> This is a self-correcting activity generated by [nbgrader](https://nbgrader.readthedocs.io). Fill in any place that says `YOUR CODE HERE` or `YOUR ANSWER HERE`. Run subsequent cells to check your code.

---

# Classify handwritten digits

In this activity, you'll try several classifiers on the [UCI handwritten digits dataset](https://archive.ics.uci.edu/ml/datasets/Optical+Recognition+of+Handwritten+Digits), either separately or into an ensemble.

![UCI digits](images/uci_digits.png)

## Environment setup

In [24]:
# Import base packages
import numpy as np
import matplotlib
import matplotlib.pyplot as plt
import seaborn as sns
import pandas as pd

In [25]:
# Setup plots
%matplotlib inline
plt.rcParams['figure.figsize'] = 10, 8
%config InlineBackend.figure_format = 'retina'
sns.set()

In [26]:
# Import ML packages
import sklearn
print(f'scikit-learn version: {sklearn.__version__}')

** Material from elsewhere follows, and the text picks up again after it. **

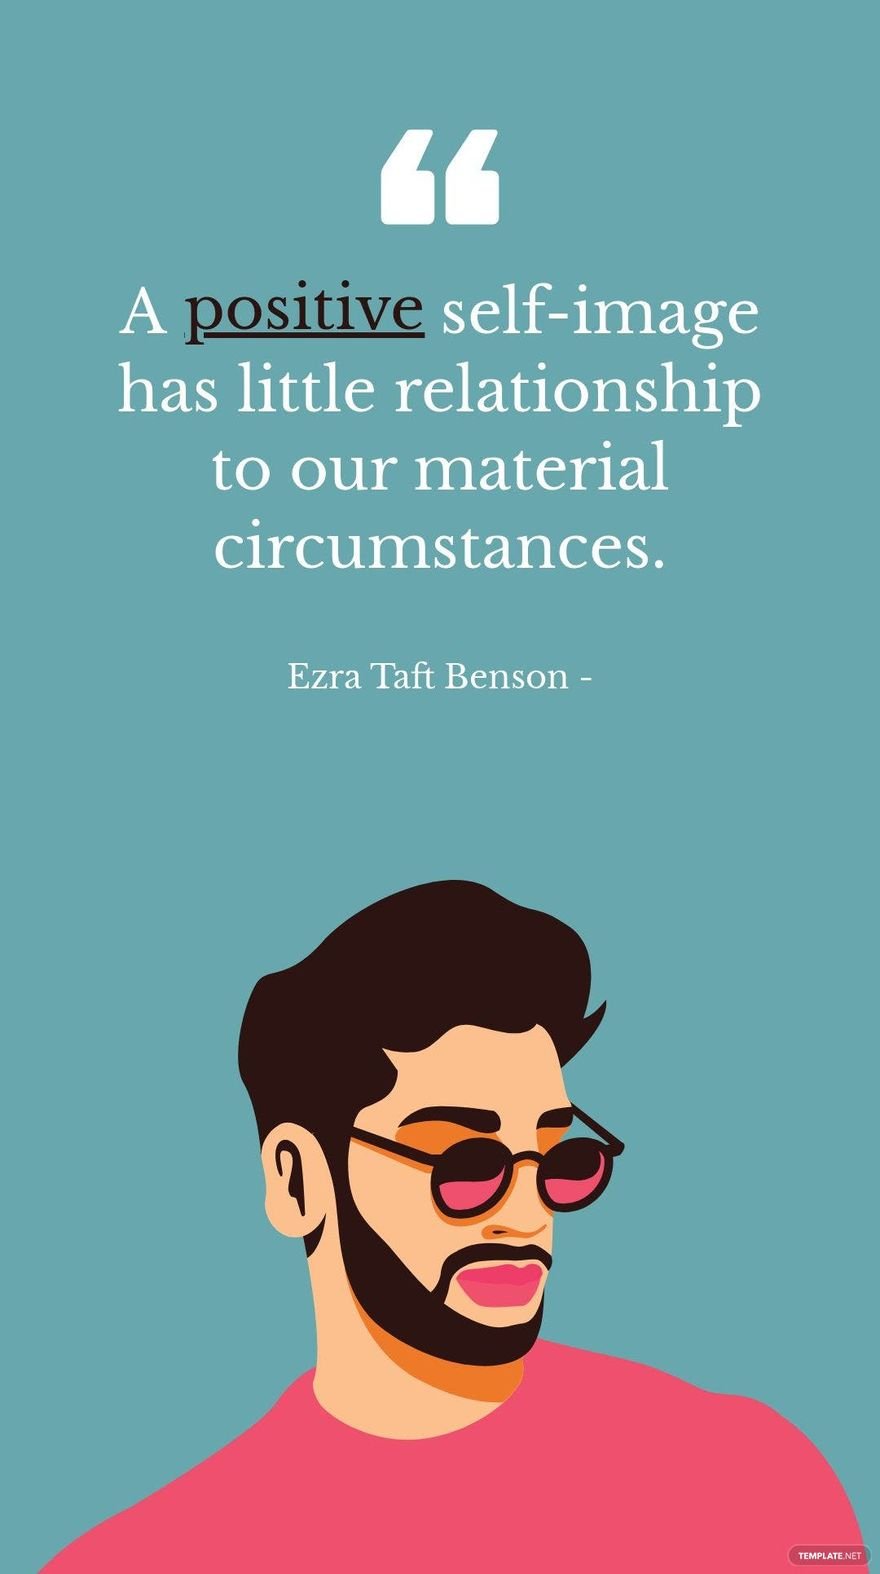 Ezra Taft Benson - A positive self-image has little relationship to our material circumstances.

from sklearn.datasets import load_digits
from sklearn.linear_model import SGDClassifier
from sklearn.ensemble import RandomForestClassifier
from sklearn.neural_network import MLPClassifier
from sklearn.ensemble import VotingClassifier
from sklearn.model_selection import train_test_split

scikit-learn version: 0.23.2


## Step 1: Loading and preparing the data

In [27]:
# Load the MNIST digits dataset
digits = load_digits()

# To apply a classifier on this data, we need to flatten the image, to
# turn the data in a (samples, feature) matrix:
n_samples = len(digits.images)
data = digits.images.reshape((n_samples, -1))
print(f'data: {data.shape}. targets: {digits.target.shape}')

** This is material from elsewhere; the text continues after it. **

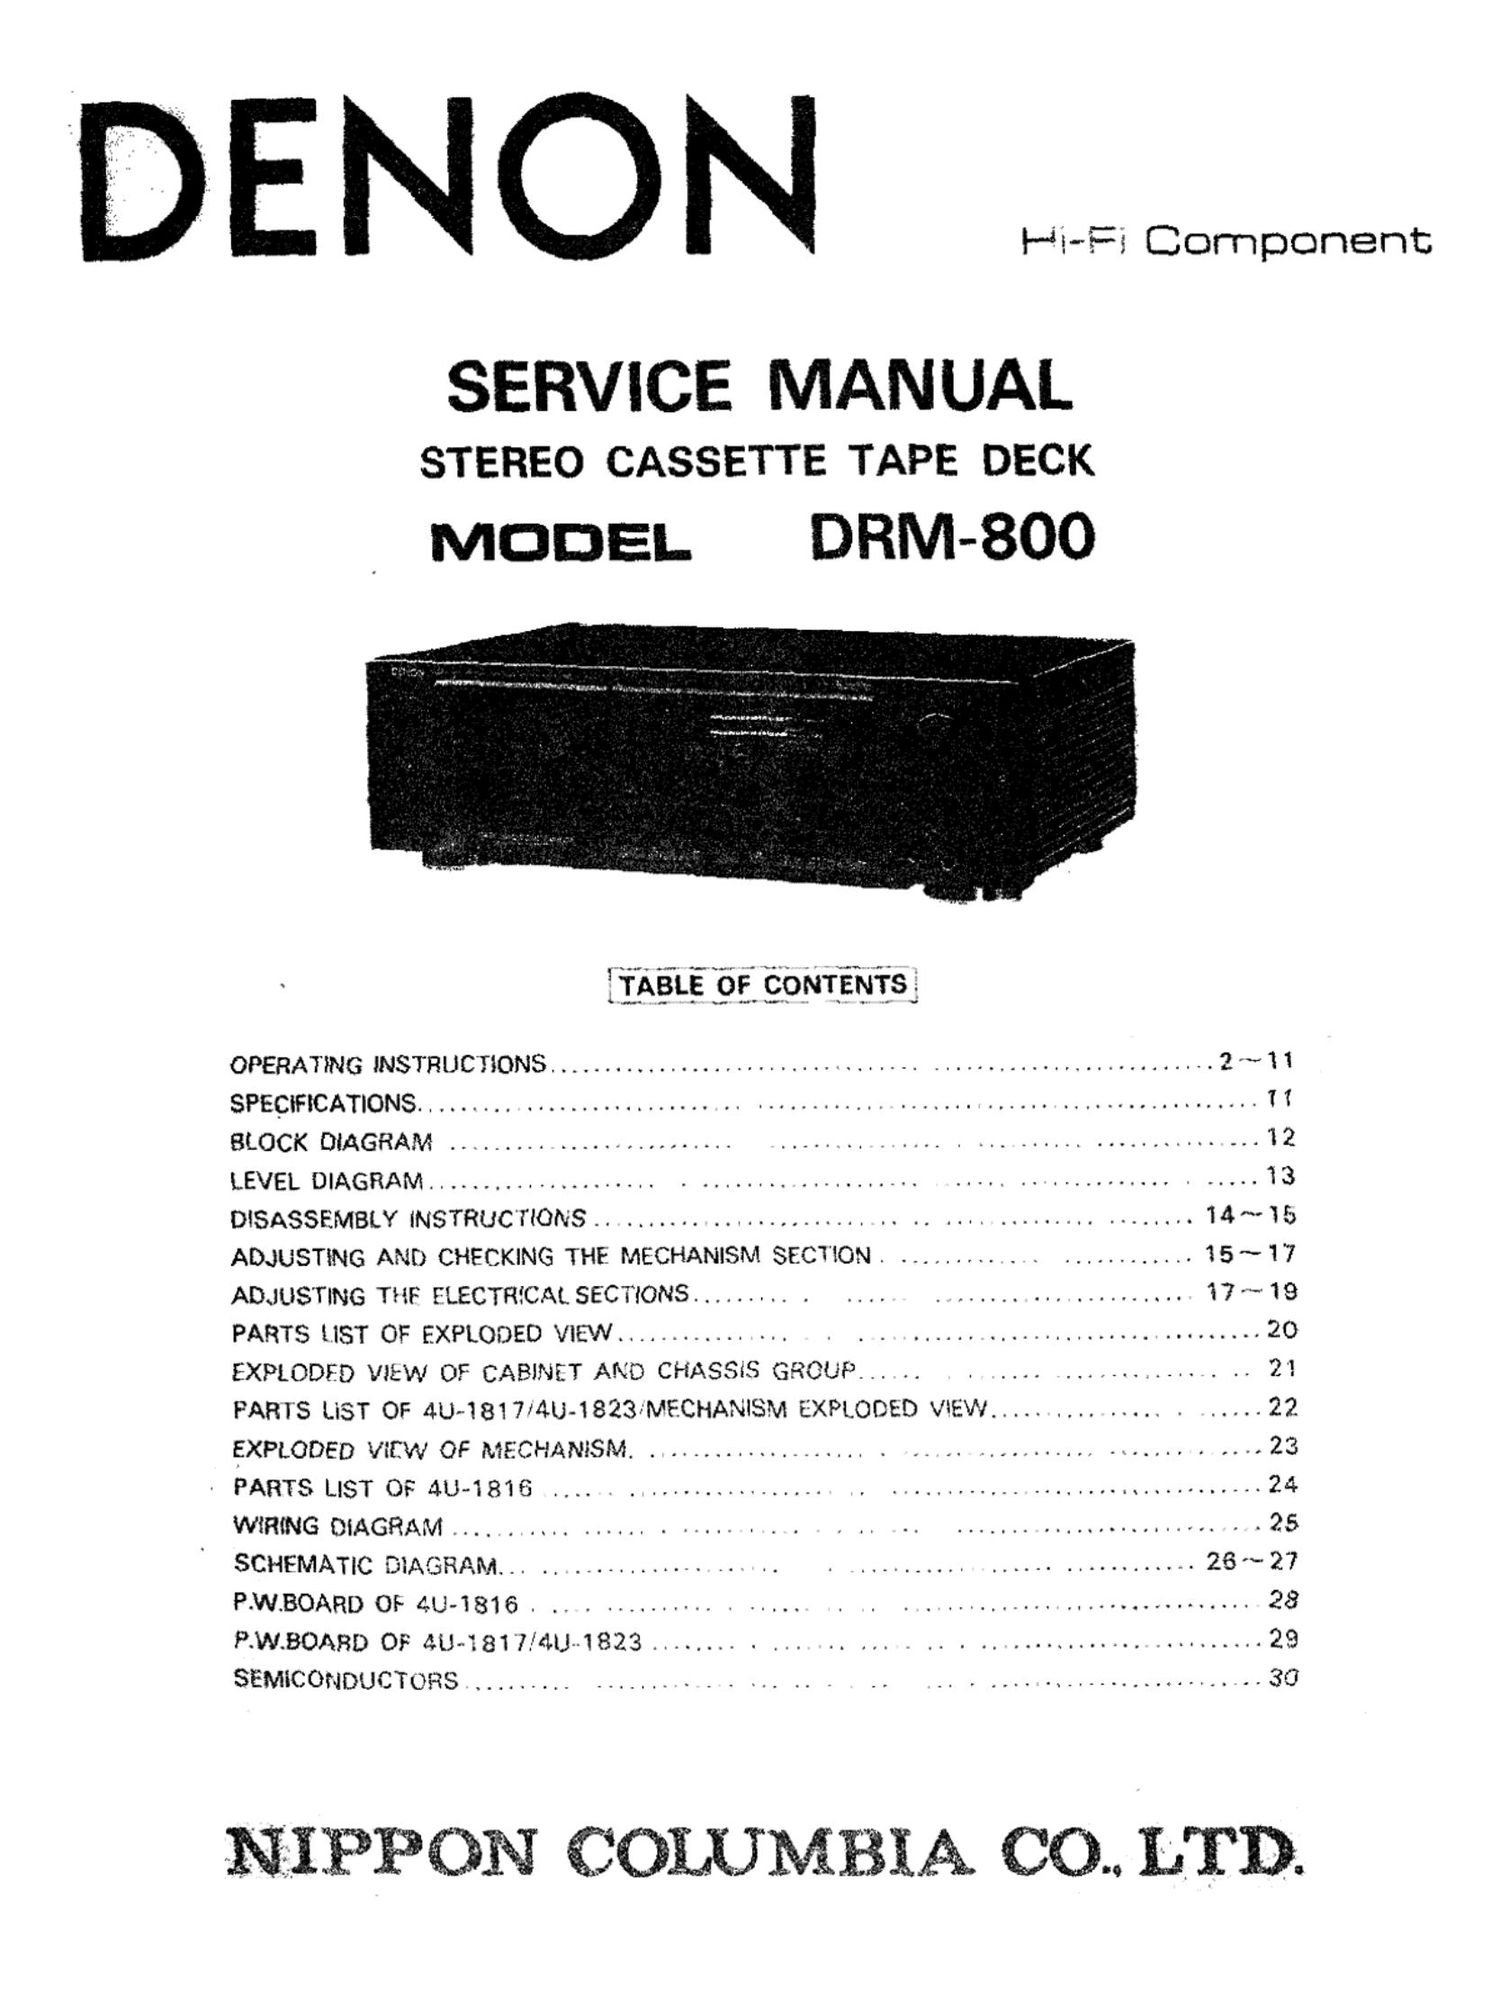 Denon DRM 800 Service Manual

data: (1797, 64). targets: (1797,)


### Question

Split the data into training, validation and test sets.

In [28]:
# YOUR CODE HERE
x_train, x_test, y_train, y_test = train_test_split(
    data, digits.target, test_size=0.2)

# Set apart the first 200 images as validation data
x_val, x_train = x_train[:200], x_train[200:]
y_val, y_train = y_train[:200], y_train[200:]

In [29]:
print(f'x_train: {x_train.shape}. x_val: {x_val.shape}. x_test: {x_test.shape}')
print(f'y_train: {y_train.shape}. y_val: {y_val.shape}. y_test: {y_test.shape}')

assert x_train.shape == (1237, 64)
assert x_val.shape == (200, 64)
assert x_test.shape == (360, 64)
assert y_train.shape == (1237,)
assert y_val.shape == (200,)
assert y_test.shape == (360,)

x_train: (1237, 64). x_val: (200, 64). x_test: (360, 64)
y_train: (1237,). y_val: (200,). y_test: (360,)

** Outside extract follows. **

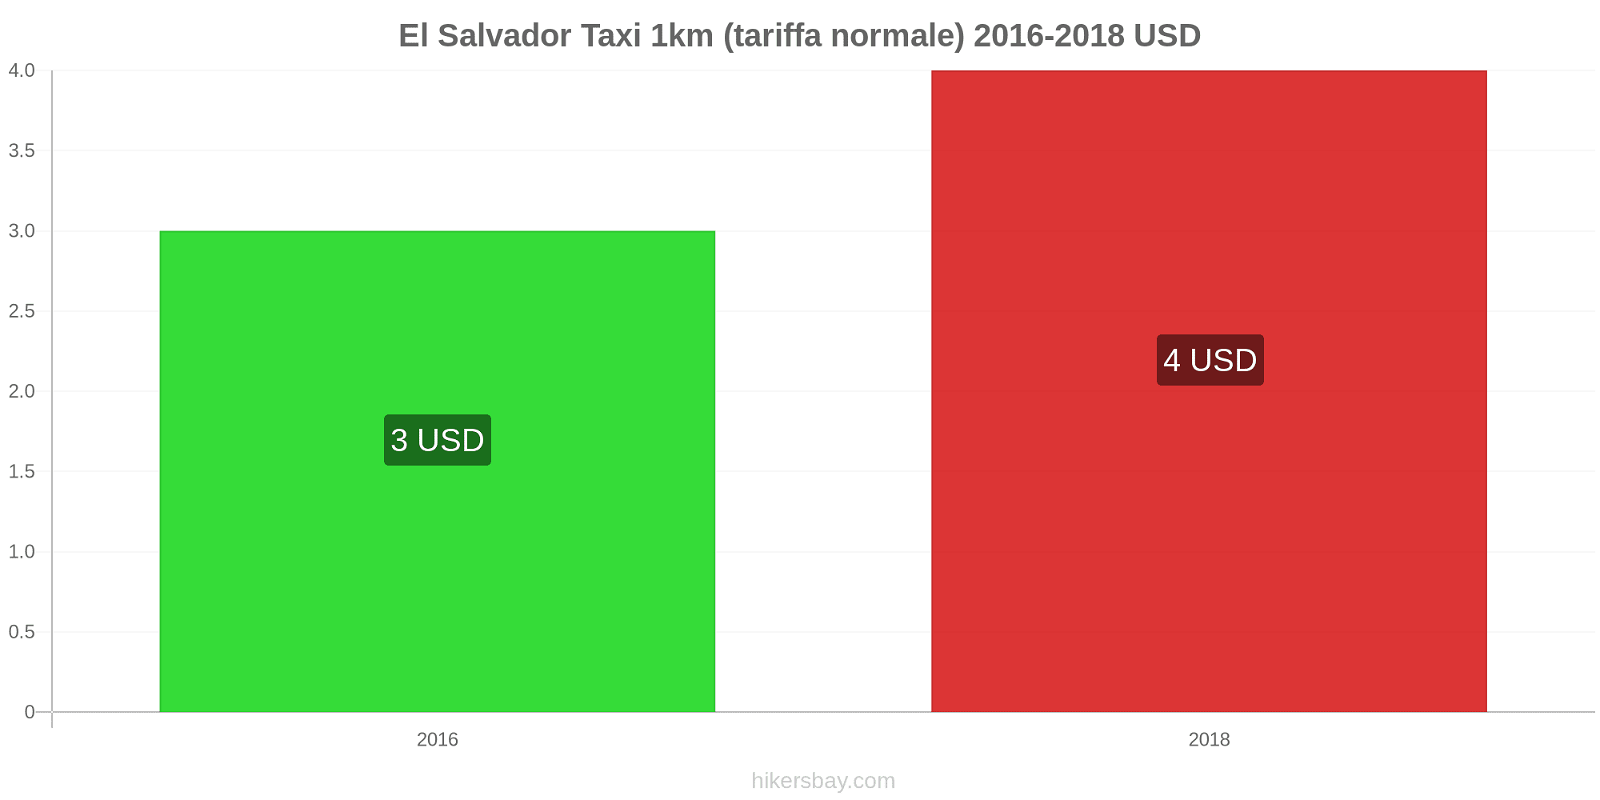 El Salvador cambi di prezzo Taxi 1km (tariffa normale) hikersbay.com

## Step 2: Train several models

### Question

Create and train various models, such as a linear classifier, a multilayer perceptron, a random forest...

In [30]:
# YOUR CODE HERE
sgd_clf = SGDClassifier(loss='log', random_state=42)
mlp_clf = MLPClassifier(random_state=42)
rf_clf = RandomForestClassifier(n_estimators=100, random_state=42)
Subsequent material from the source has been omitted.